Algebra solver has a side effect on log probability


#1

Hi,

I’m trying to to estimate a structural model with a simple Bernoulli likelihood with a probability depending on the solution of an implicit function with no closed form solution. Therefore, I’m trying algebra_solver() for the first time.

As I learn about how doable this is I’m starting with some very simple fake data and I simplified the implicit function I need to solve to something I can actually solve without algebra_solver() (I dropped the nonlinear component). In other words, I can fit the model fine without using algebra_solver(), so I tried to fit the model with and without it. In fact, when I tried calling algebra_solver() I ignored the results and used the closed form solution I can calculate. I expected both runs to produce the same outcome (perhaps a lot slower when I use algebra_solver()). What is surprising is that when I comment out the line where algebra_solver() is called the model is estimated nicely (no divergent transitions, R hat < 1.1 and parameters close to the true value), but when I leave the algebra_solver() call in there (even though I am not actually using its output) the model fit has problems (30% divergent transitions, 25% of parameters have R hat > 1.1, but the parameters are still well estimated).

Perhaps I don’t understand how algebra_solver() works, but is it normal for it to have a side effect on the MCMC estimation when I don’t even update the log probability with its output?

I’m attaching my .stan file. The statement at line 133 is the one that changes things.

structural_dist_model.stan (5.9 KB)

I appreciate any help with this!


#2

@karimn Thanks for the heads up!

I suspect that what might be happening is the algebra solver is failing to converge and causing the MCMC iteration to fail and this is getting registered as a divergence and preventing the model from exploring in a certain direction.

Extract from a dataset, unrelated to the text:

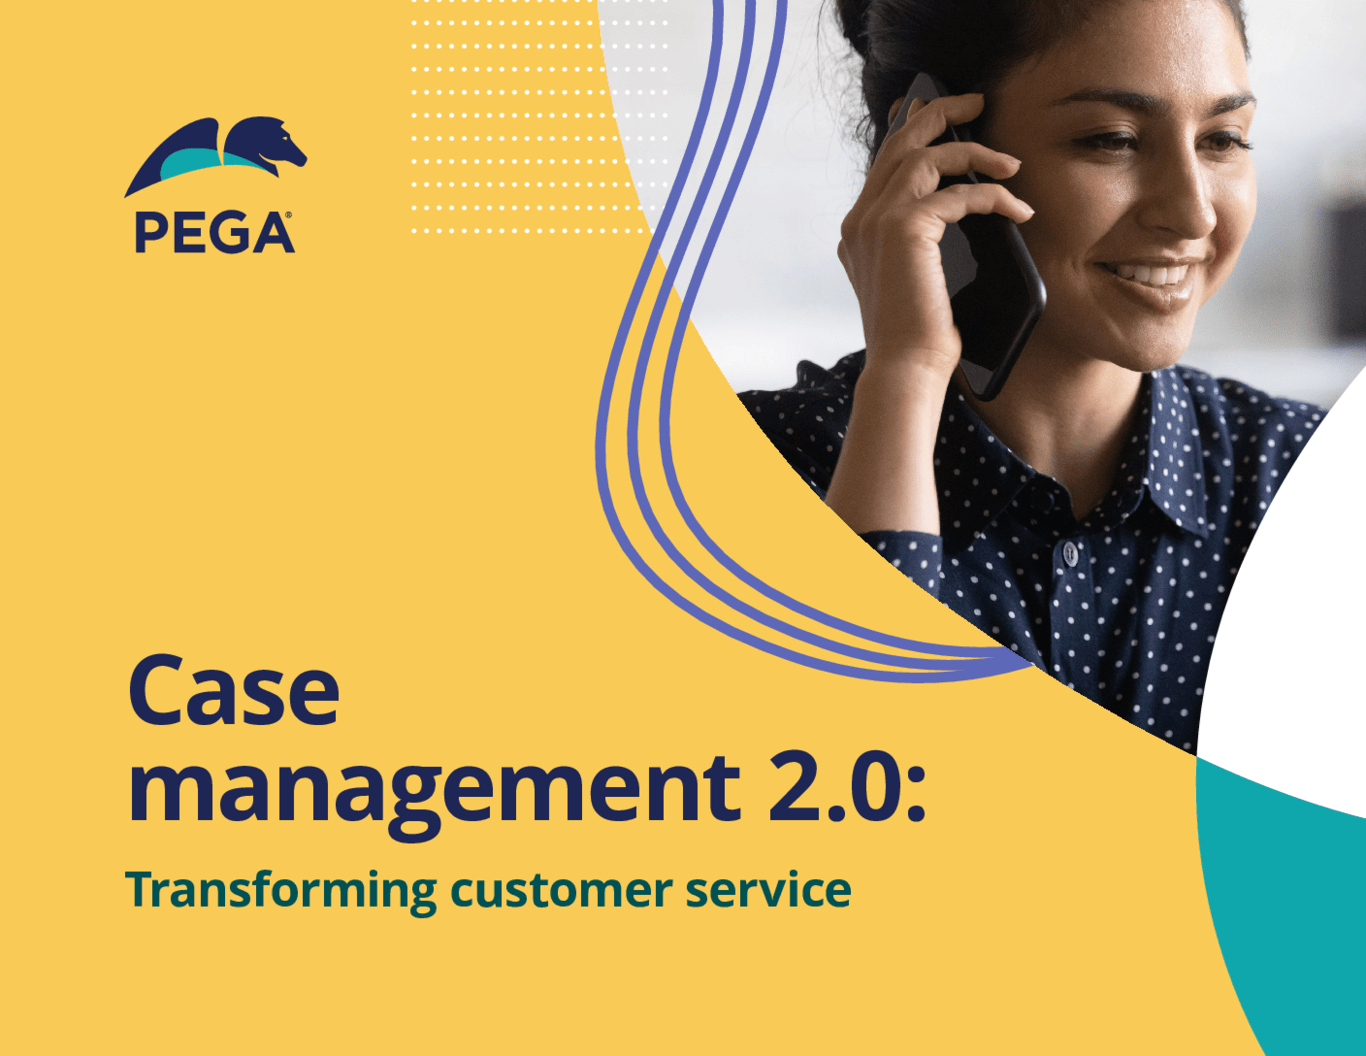 Transforming customer service with case management 2.0

So it’s not that autodiff would be messed up, it’d be that the algebra solver (which is being asked to run even though its results aren’t used) is telling MCMC “nonono, don’t go in that direction, I’m having trouble finding finding solutions”.

To verify this, could you make the algebra solve something that you know will always succeed? Like maybe just “solve 0 == 0”? So we know that it isn’t this?

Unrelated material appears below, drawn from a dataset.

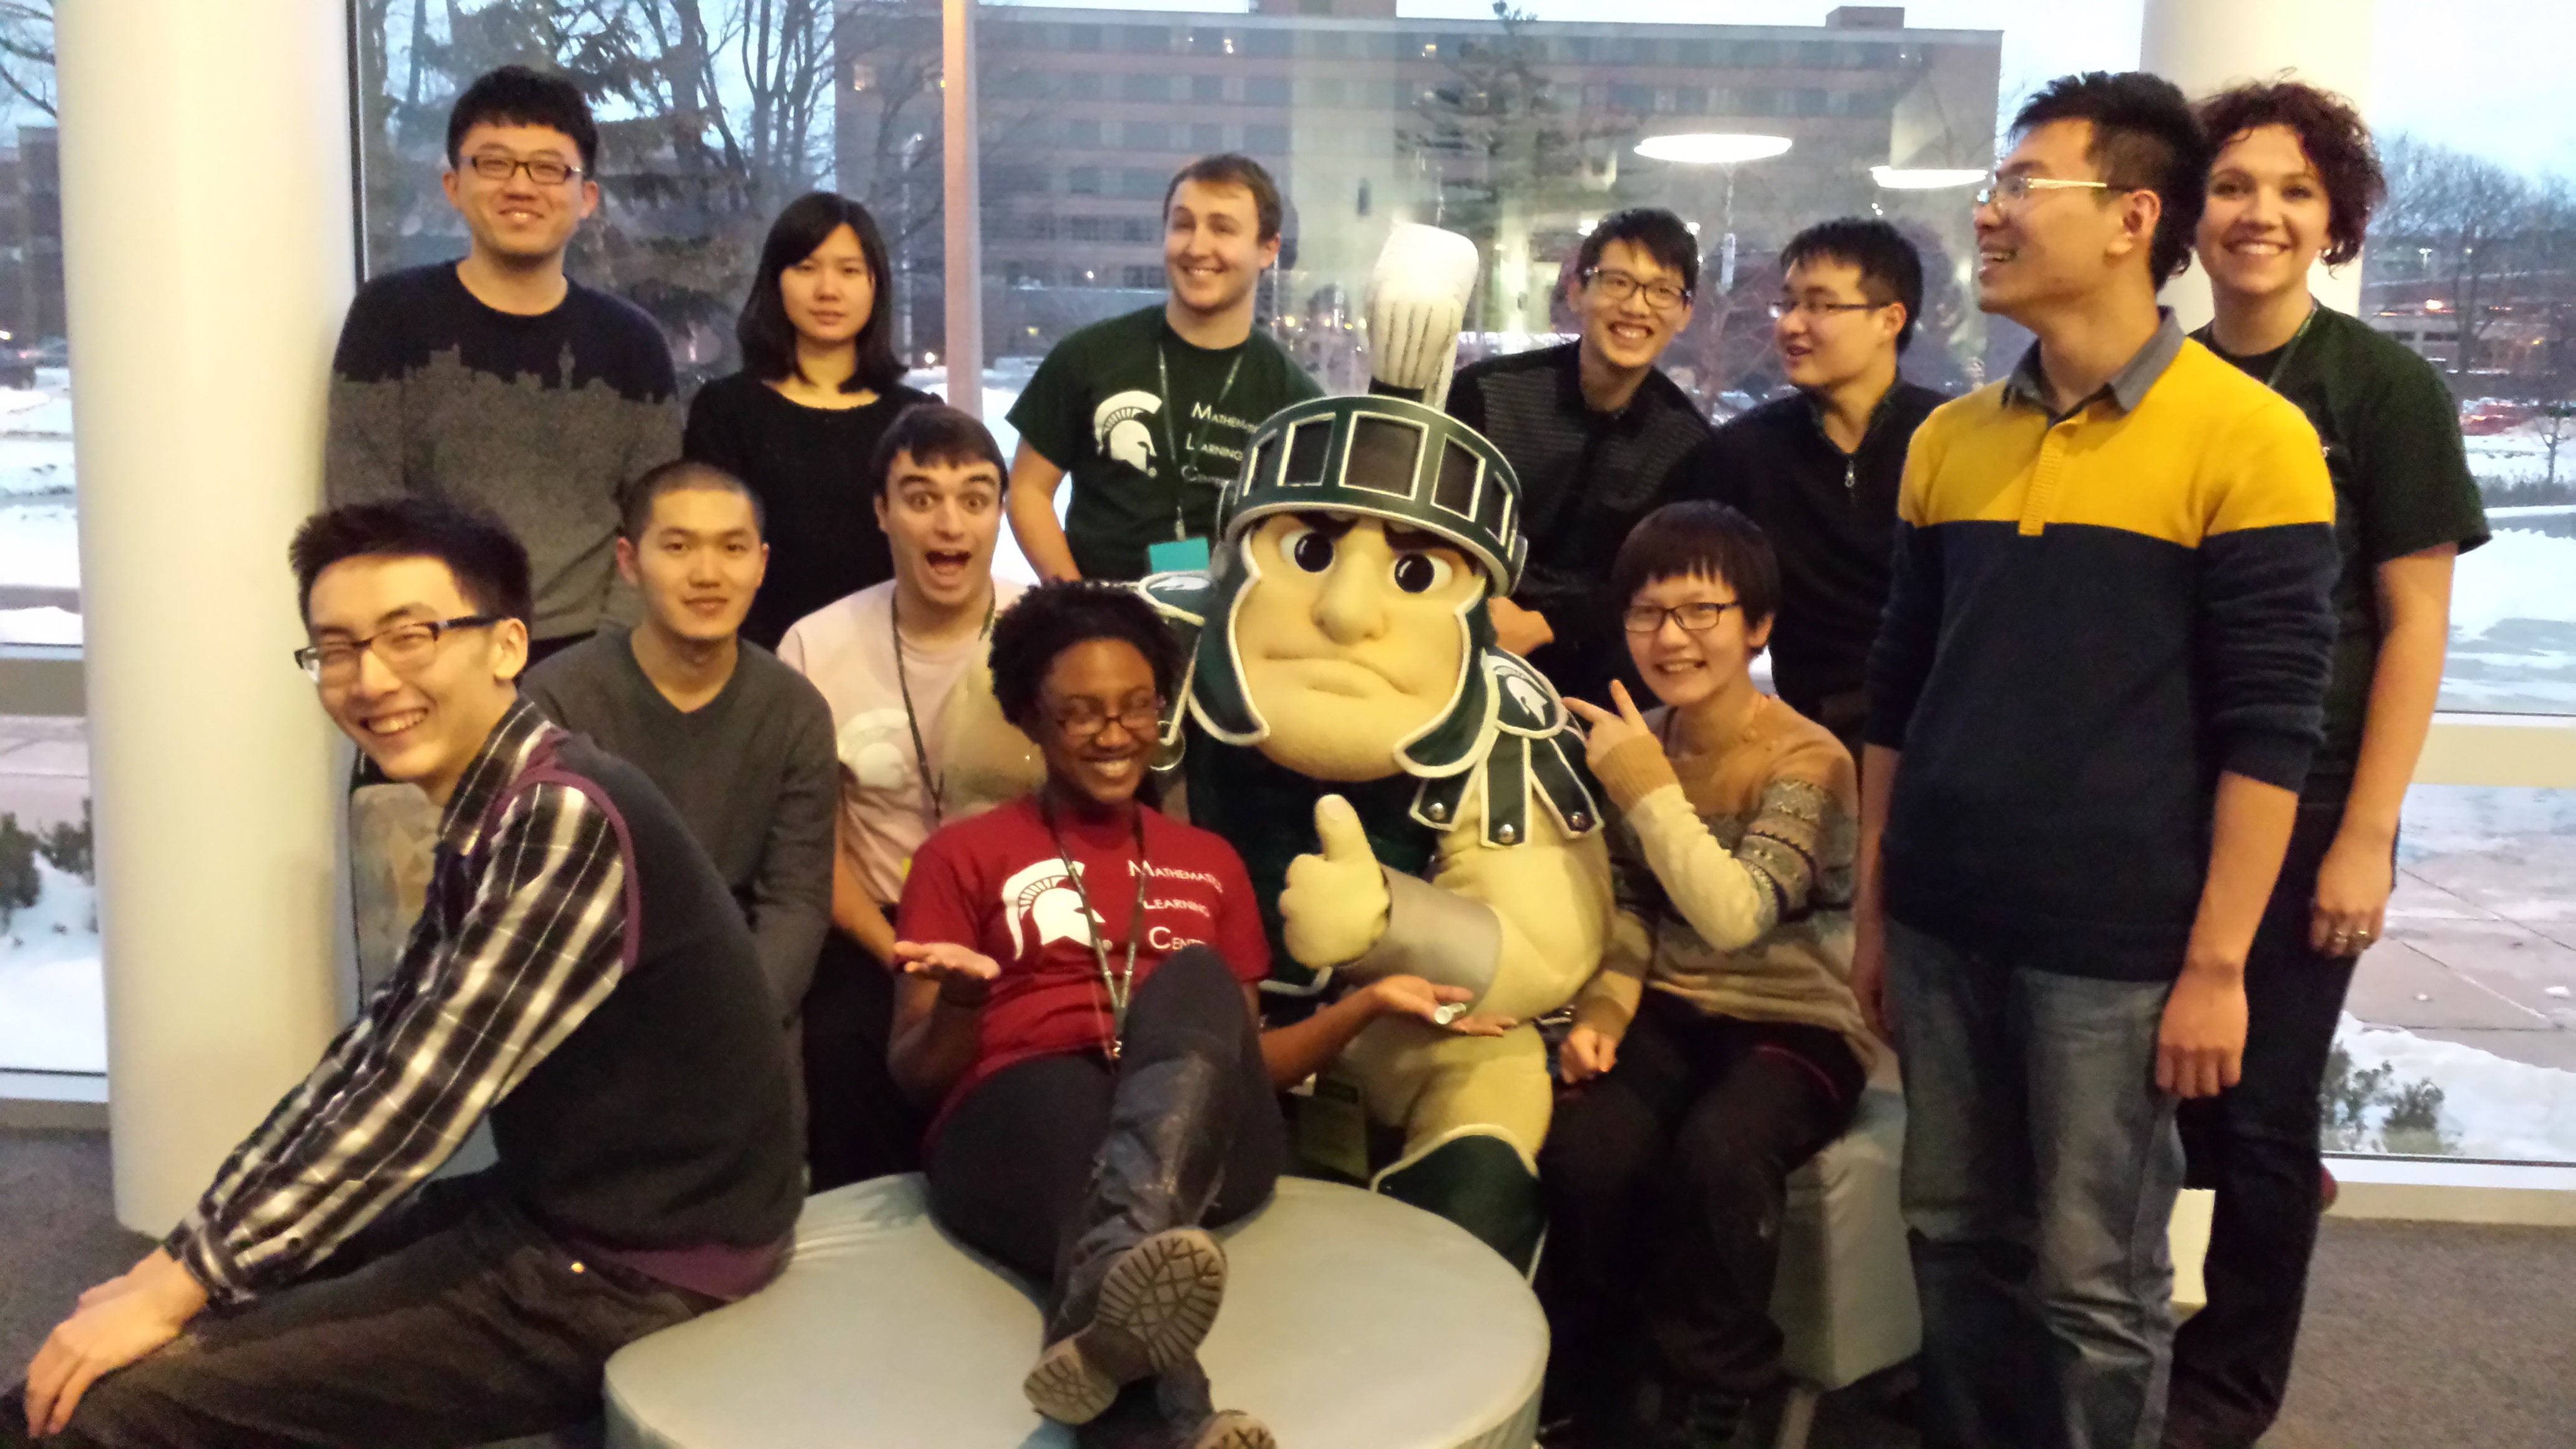 Students posing for photo around the Sparty mascot

edit: Enhanced the anthropomorphism


#3

Thanks for the quick response! I tried to create a function

  vector test_implicit(vector v_cutoff, vector param, real[] x_r, int[] x_i) {
    return rep_vector(0, 1);
  }

But then I get a lot of these

Rejecting initial value:
  Gradient evaluated at the initial value is not finite.
  Stan can't start sampling from this initial value.

Initialization between (-2, 2) failed after 100 attempts. 

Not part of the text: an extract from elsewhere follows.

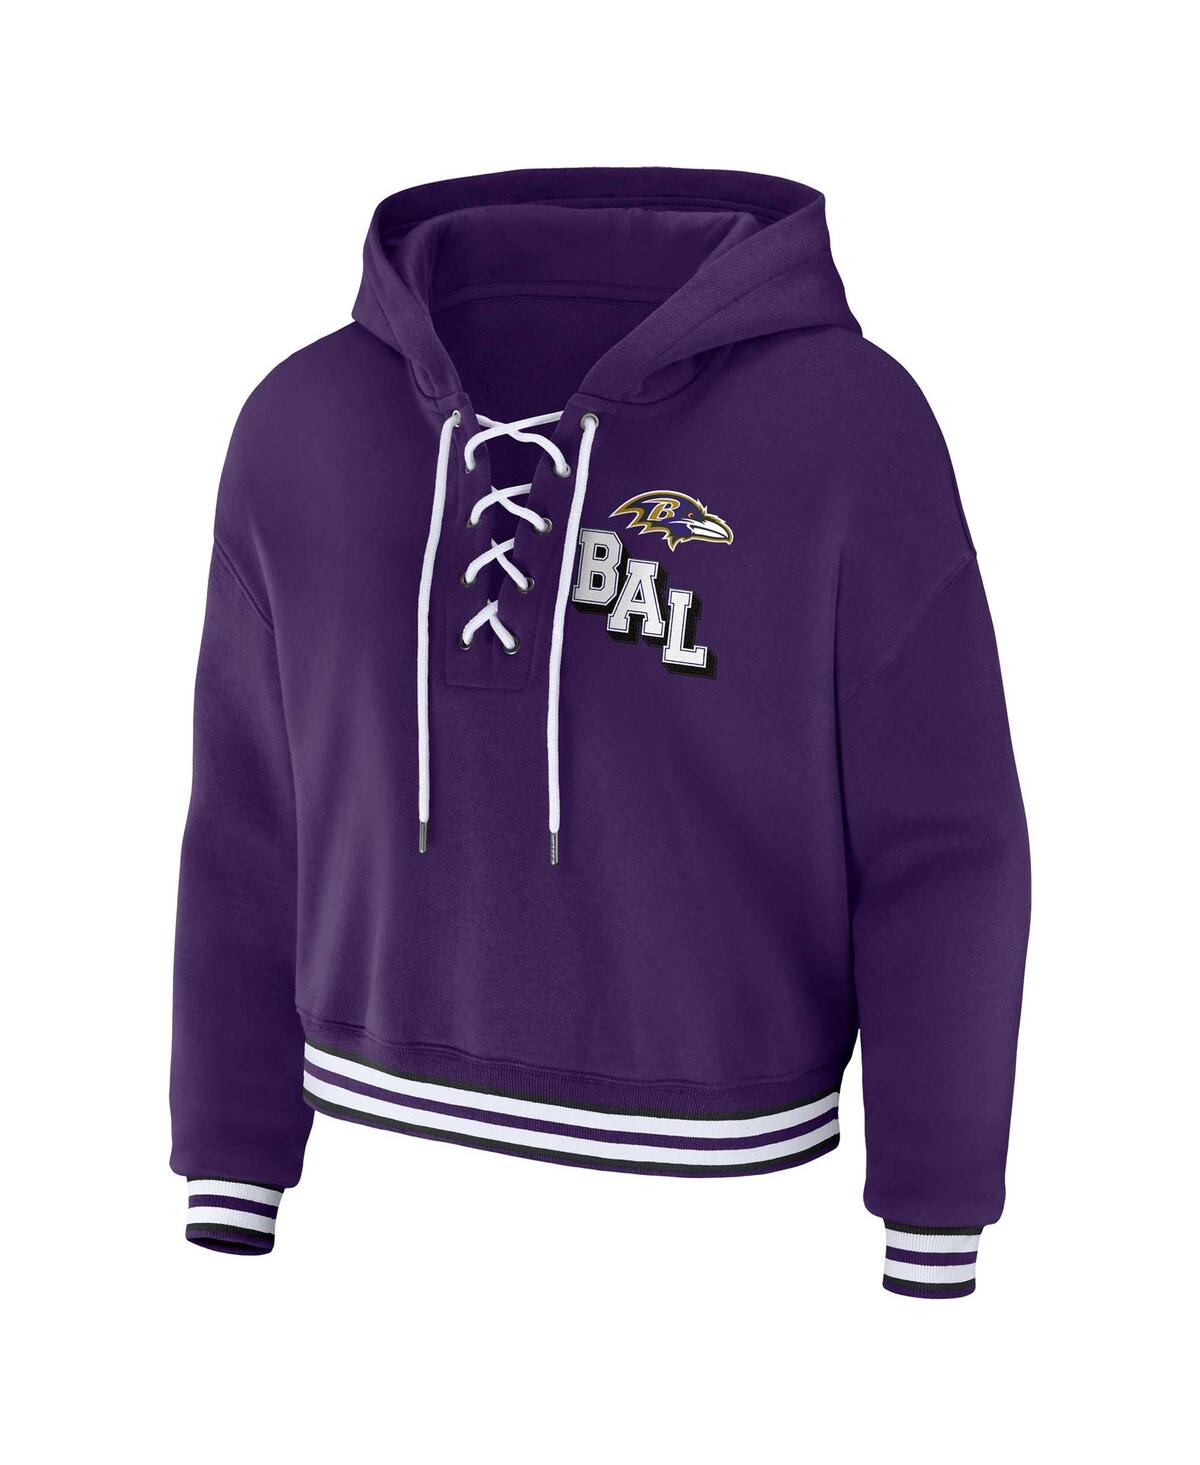 Shop Wear By Erin Andrews Women's  Purple Baltimore Ravens Plus Size Lace-up Pullover Hoodie

Is this what you meant by a 0 == 0 test?


#4

Something like that, haha. But then I guess the gradients of the solutions with respect to the parameters don’t exist. How about something like:

vector test_implicit(vector v_cutoff, vector param, real[] x_r, int[] x_i) {
  vector[2] z;
  z[1] = y[1] - theta[1];
  z[2] = y[2] - theta[2];
  return z;
}

Or something similar? We just want a set of eqs. we know has a solution that’ll be super easy on the solver.


#5

Ok, I see what you mean. I actually went back to my original implicit function which was simplified so a solution would be trivial to find. What I was doing wrong before was passing in some parameters that were no longer needed so that probably drove MCMC nuts (bad crazy nuts, not good sampler nuts).

I reran without the unused parameters and I’m down to one divergent transition, verifying what you said.

My mistake is that I was thinking of the algebra_solver() solver like any math operation which should have no side-effect on the sampler. I neglected to consider the problem of failing to converge to a solution.

Thanks Ben for helping out with this. I’ll continue taking baby steps towards the nonlinear form of the implicit function I want solved.


#6

Cool beans! That is an interesting find! Thanks for reporting back

@charlesm93 Do you know of a way this could be diagnosed at runtime?